Figure 6. Illustration of high-order epistatic effects in the power model (here with negative epistasis, α nβ with α = 0.1 and β = 0.8). The second-order epistatic effect is negative (the power model is always below the additive prediction), but the third-order effect is positive (the power model is always above the quadratic model). The sign of the interactions thus alternates when β < 2, and their relative size does not decrease rapidly. As a result, the effect of combining several mutants cannot be properly inferred from simpler combinations—for instance, the prediction for four mutants is not much better for the second-order epistatic model than for the additive model, and can even be worse with more substitutions.

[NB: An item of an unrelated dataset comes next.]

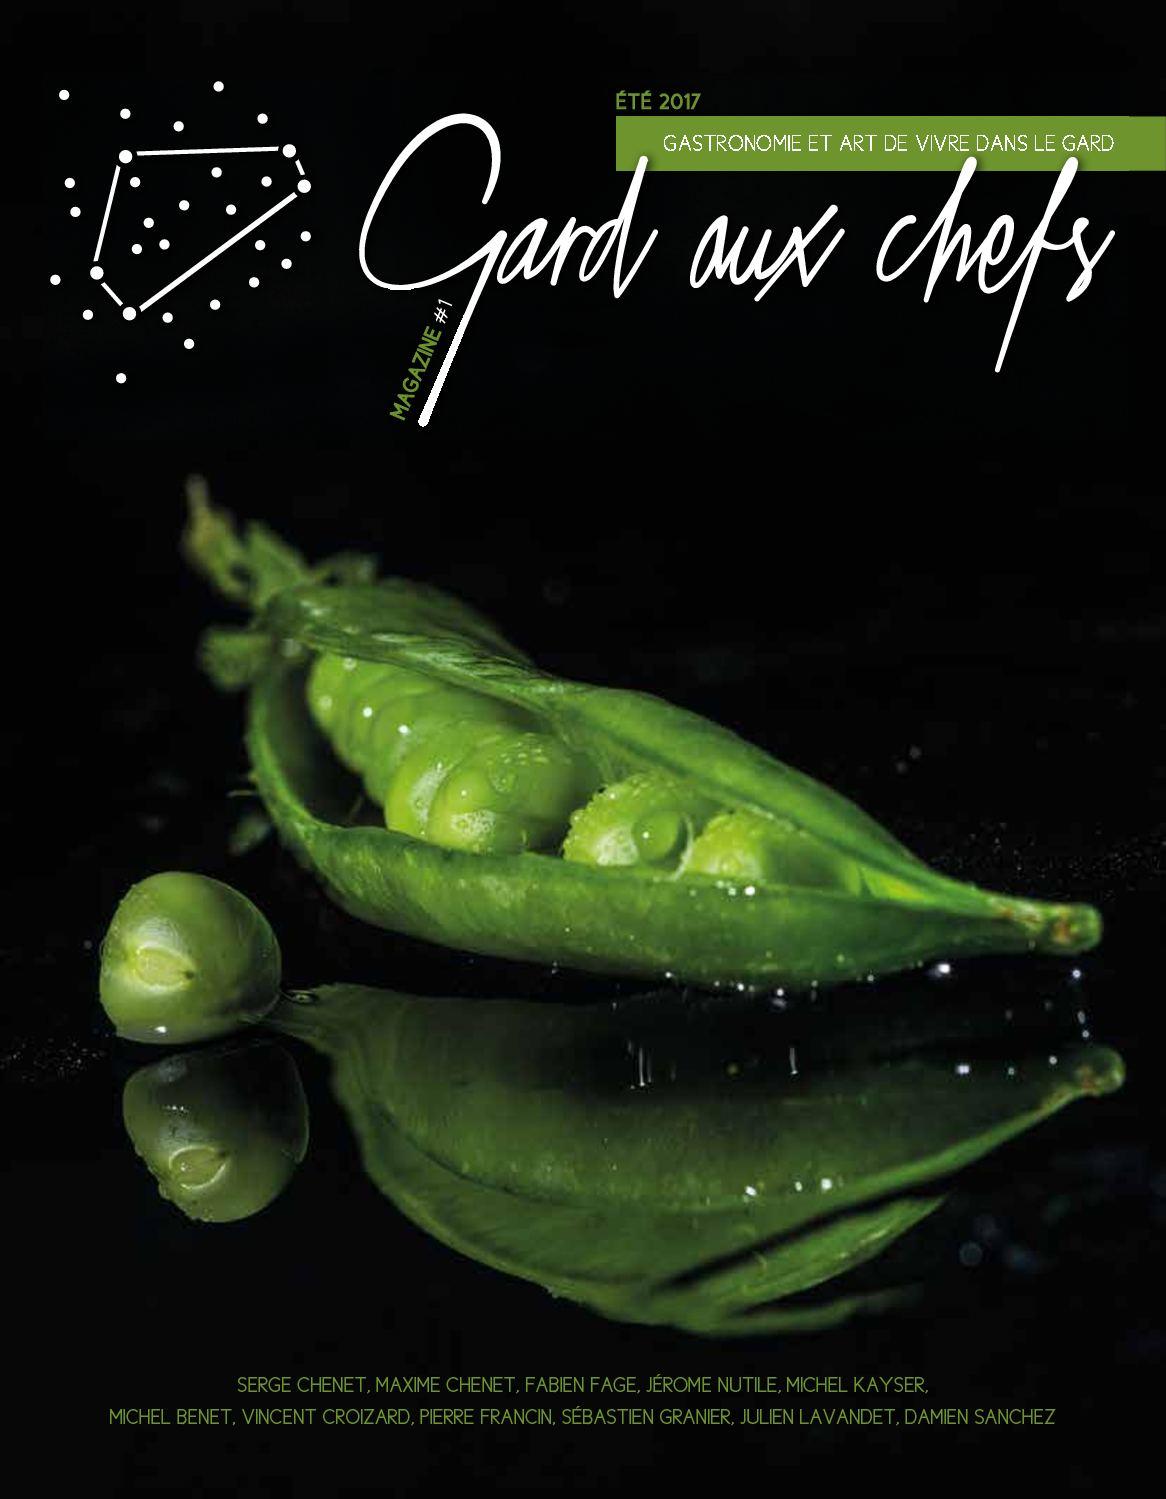 Calameo Magazine Gard Aux Chefs 01

This issue is avoided with the quadratic model, which is limited to interactions between pairs of loci. However, this quadratic model implies that mutational effects can switch signs depending on the genetic background (sign epistasis). This property, which is sometimes perceived as undesirable when considering epistasis for fitness (Wilke and Adami, 2001), could explain the persistence of alternative models. Another side effect of most unidimensional models of epistasis for fitness is that mutations are assumed to be of constant size. Relaxing this assumption significantly alters the evolutionary properties of the system (Butcher, 1995; Otto and Feldman, 1997), casting doubts on the operational meaning of β (or β′) parameters.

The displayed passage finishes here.